Treni: l’orario estivo surriscalda le tariffe dei biglietti

Aumenti treni Dopo l’abolizione dei treni OK Milano-Roma e i plotoni di controllori contro i pendolari “portoghesi” Trenitalia aggiunge un ulteriore mattoncino alla sua monumentale strategia di “riqualificazione” dei servizi proponendo rincari sulle tratte dei così detti “treni qualità”. Le tariffe piu' alte riguarderanno soltanto i nuovi servizi ad alto valore aggiunto che verranno introdotti a partire dal 10 giugno così precisa il direttore della Divisione treni lunga e media percorrenza di Trenitalia, Giovanni Cassola, in un'intervista a RaiUtile, a proposito di possibili nuovi aumenti dei biglietti dei treni.

''Il 10 giugno - ha spiegato Cassola - ci sara' un cambio orario che non modifica di molto l'offerta ma introduce solo alcune novita'. Ad esempio nel tratto Genova|Milano, dove non c'e' mai stato un servizio di livello piu' alto rispetto all'Intercity, per la prima volta abbiamo introdotto un collegamento Eurostar, di miglior qualita' e senza fermate intermedie. Solo la tariffa di questo nuovo servizio sara' quella in vigore per l'Eurostar. Ma rimarranno anche tutti i treni che ci sono oggi a prezzo invariato. Quindi non si puo' dire che abbiamo aumentato le tariffe''.

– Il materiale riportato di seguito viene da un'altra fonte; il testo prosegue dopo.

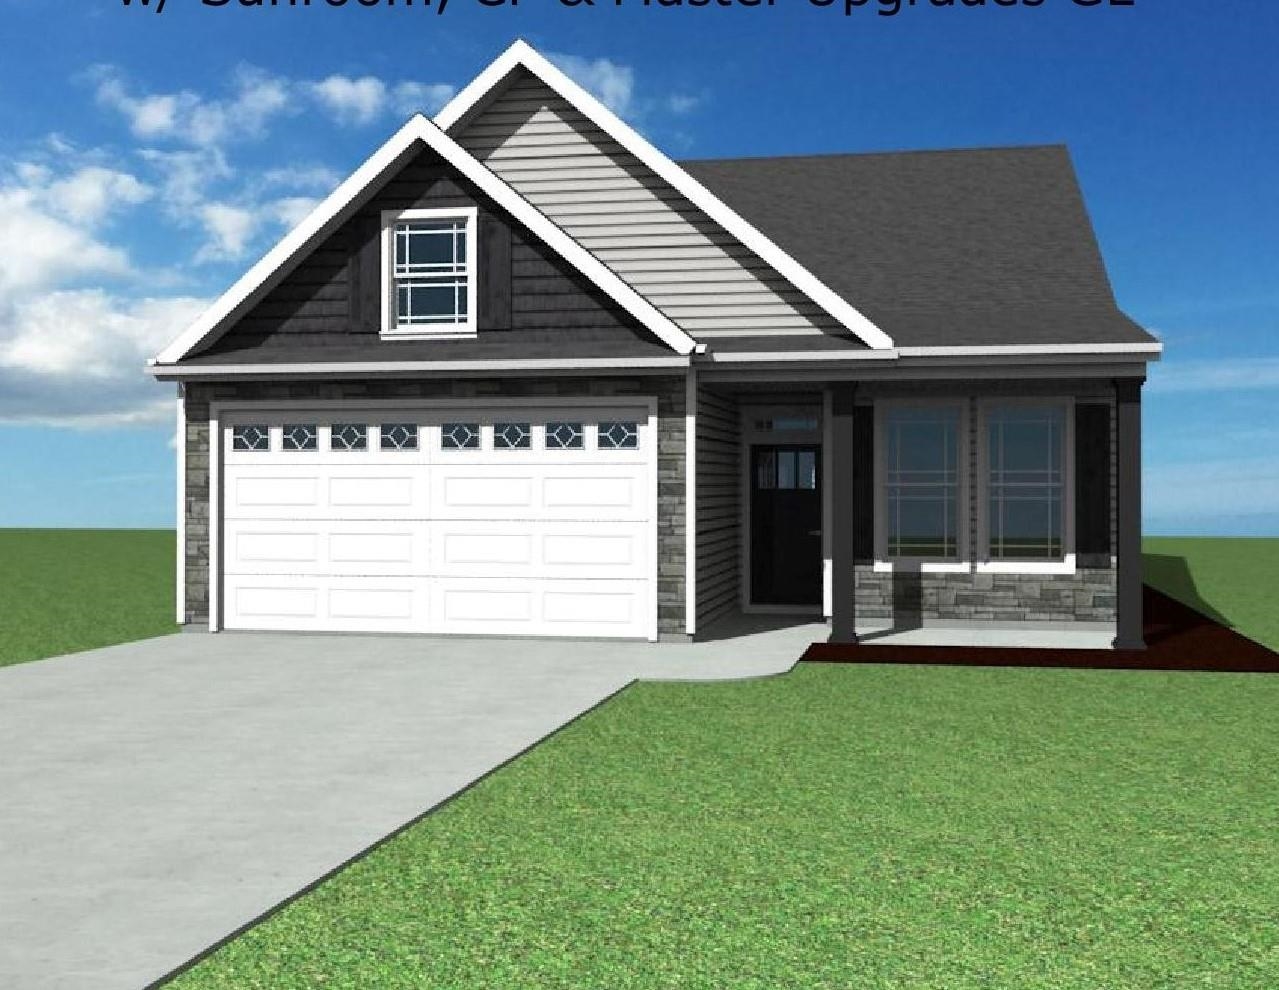 This is the BISHOP floorplan with 3 bedrooms, 2 bathrooms, office/study, walk in laundry. This home will also feature a 12x12 sunroom and full unfinished basement. Standard features to this home and the community include Crown Molding with Rope Lighting, Trey ceiling in Master Bedroom, Gas Fireplace.

Nessun rincaro in vista invece sul tratto Roma-Napoli, dove le tariffe rimarranno invariate ma aumenteranno i treni sulla linea veloce: ''Chi prendera' l' Eurostar che ancora percorre la linea Formia - ha sottolineato Cassola - non trovera' alcun cambiamento di prezzo e chi prendera' un Eurostar che percorre la linea veloce, paghera' lo stesso prezzo gia' in vigore per i treni su quella linea''. In sintesi, secondo Cassola, ''c'e' stato uno spostamento dell' offerta verso servizi di maggiore qualita' che ha interessato non piu' dello 0,5% dell'intera offerta di Trenitalia''.

In definitiva gli aumenti varieranno tra l’8 e il 19% sulle tratte dell’Alta Velocità e sui treni Eurostar. Dal lunedì al venerdì i prezzi saranno scontati del 20% su Intercity e Eurostar. Inoltre si potrà fare un biglietto che permetterà l’accesso in carrozza anche senza la consueta prenotazione del posto.

Goderanno di accessi facilitati all’acquisto dei biglietti i pendolari a cui sarà concessa la possibilità fin da subito, di acquistare il biglietto elettronico direttamente in rete o, a breve, inviando un semplice sms.
Questo sarà valido per il trasporto regionale, sarà nominativo, non rimborsabile e potrà essere acquistato fino a 7 giorni dalla partenza. Complessivamente la nuova modalità d’acquisto su Internet semplificherà la vita dei 500.000 abbonati e dei milioni di viaggiatori che ogni anno acquistano il biglietto di corsa semplice senza prenotazioni. In tutto circa l’80% dei viaggiatori trasportati in un anno.

L’orario estivo accorcerà vistosamente i tempi di percorrenza comportando un aggravio tariffario per cui andare da Milano a Napoli in seconda classe costerà 67 euro (oggi 62); da Firenze a Napoli 53 euro (oggi 48); aumenterà del 17% il costo del biglietto Milano-Venezia (oggi ne costa 23), mentre costerà 25 euro da Milano a Padova.